Andreas Munch (19 October 1811 – 27 June 1884) was a Norwegian poet, novelist, playwright and newspaper editor. He was the first person to be granted a poet's pension by the Parliament of Norway.

==Personal life==
Munch was born in Christiania, as son of poet, priest and later Lutheran Bishop Johan Storm Munch and his wife Else Petronelle Hofgaard. He was married to Charlotte Amalie Juul from 1844 until her death in 1850. One of his sons also died in 1850, and a second son died a few years later. In 1865 he married Danish citizen Anna Marie Amalie Raben. He died in Vedbæk in Denmark in 1884.

==Career==
Munch made his literary debut in 1836 with the poetry collection Ephemerer (Ephemera). His first play was Kong Sverres Ungdom from 1837, written for the opening of Christiania Theatre´s new building. In 1840 he published the one-act play Donna Clara, set in Spain. He edited the newspaper Den Constitutionelle from 1841 to 1846. His story Den Ensomme. En Sjælehistorie was first printed in Den Constitutionelle in 1846. From 1846 to 1848 he made an educational European tour together with his family, and visited France, Italy, Switzerland and Germany. He published the poetry collection ¨Digte, gamle og nye in 1848, and Nye Digte in 1850. His poetry collection Sorg og Trøst from 1852 was written after the death of his wife and son. In 1866 Edvard Grieg composed music to the poem "Vuggesang" from this collection, published as Opus 9 together with three other songs with text by Munch. In "Vuggesang" the father sings for his newborn son after the mother's death. In the 1850s he wrote three historic plays in verse, Salomon de Caus (1854), En Aften paa Giske (1855), and Lord William Russell (1857).

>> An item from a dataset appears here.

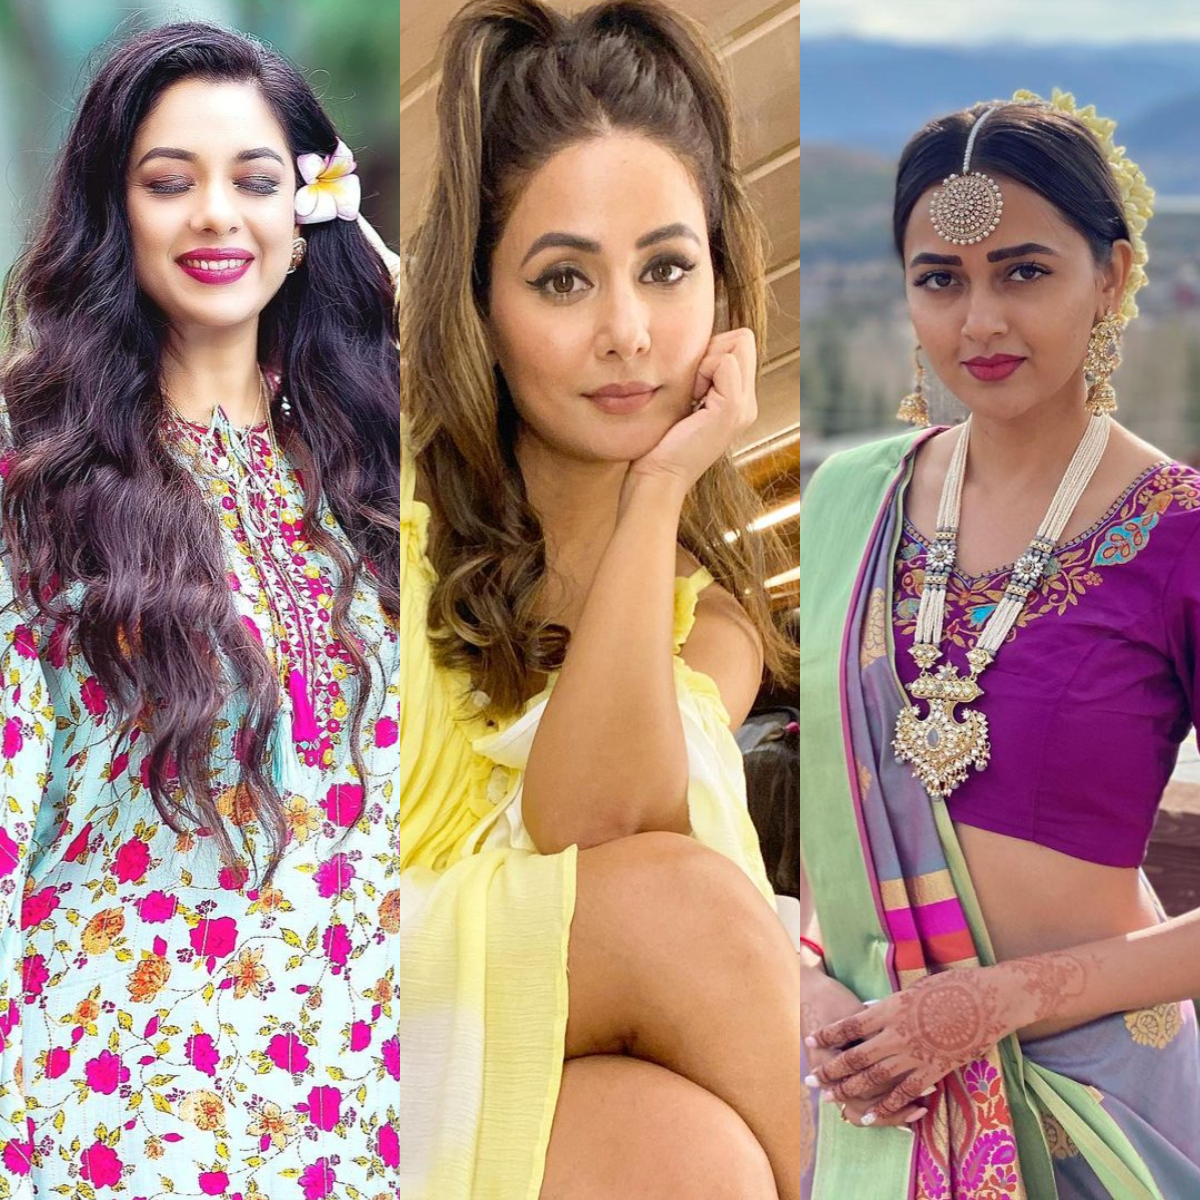 Indian TV Actress: 20 popular and beautiful heroines who rule the TV serial industry - Names, pics & bio
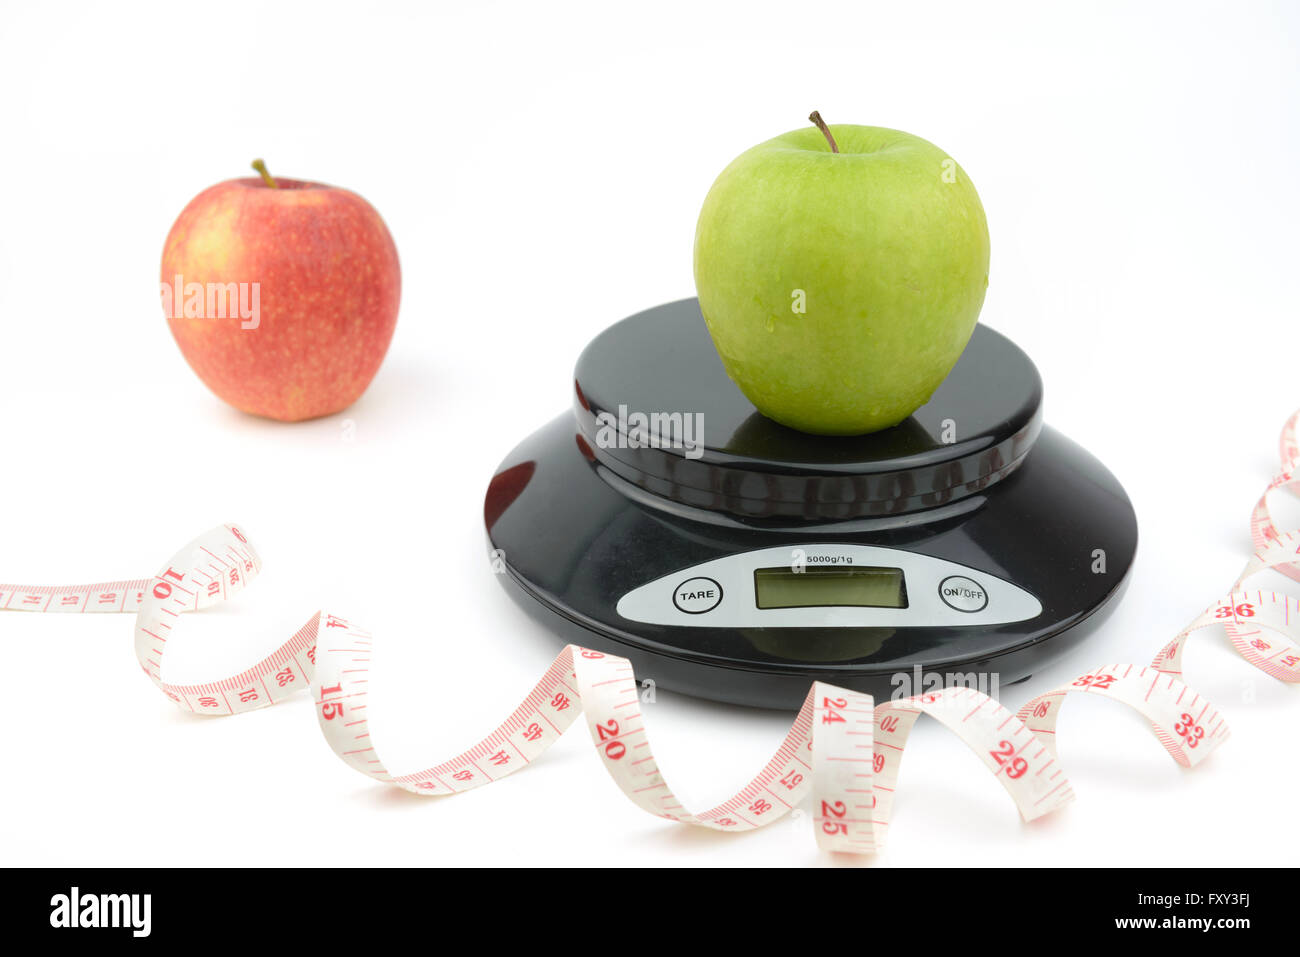 Black digital scale on isolate white background, with green apple, measurement tape Stock Photo

Munch was granted a poet's pension by the Parliament of Norway from 1860, the first as such in Norway, and was titled professor from 1866.

He was decorated Commander, First Class of the Order of St. Olav for literary merits in 1880, and was also a Commander of the Danish Order of the Dannebrog, and a Knight of the Swedish Order of the Polar Star.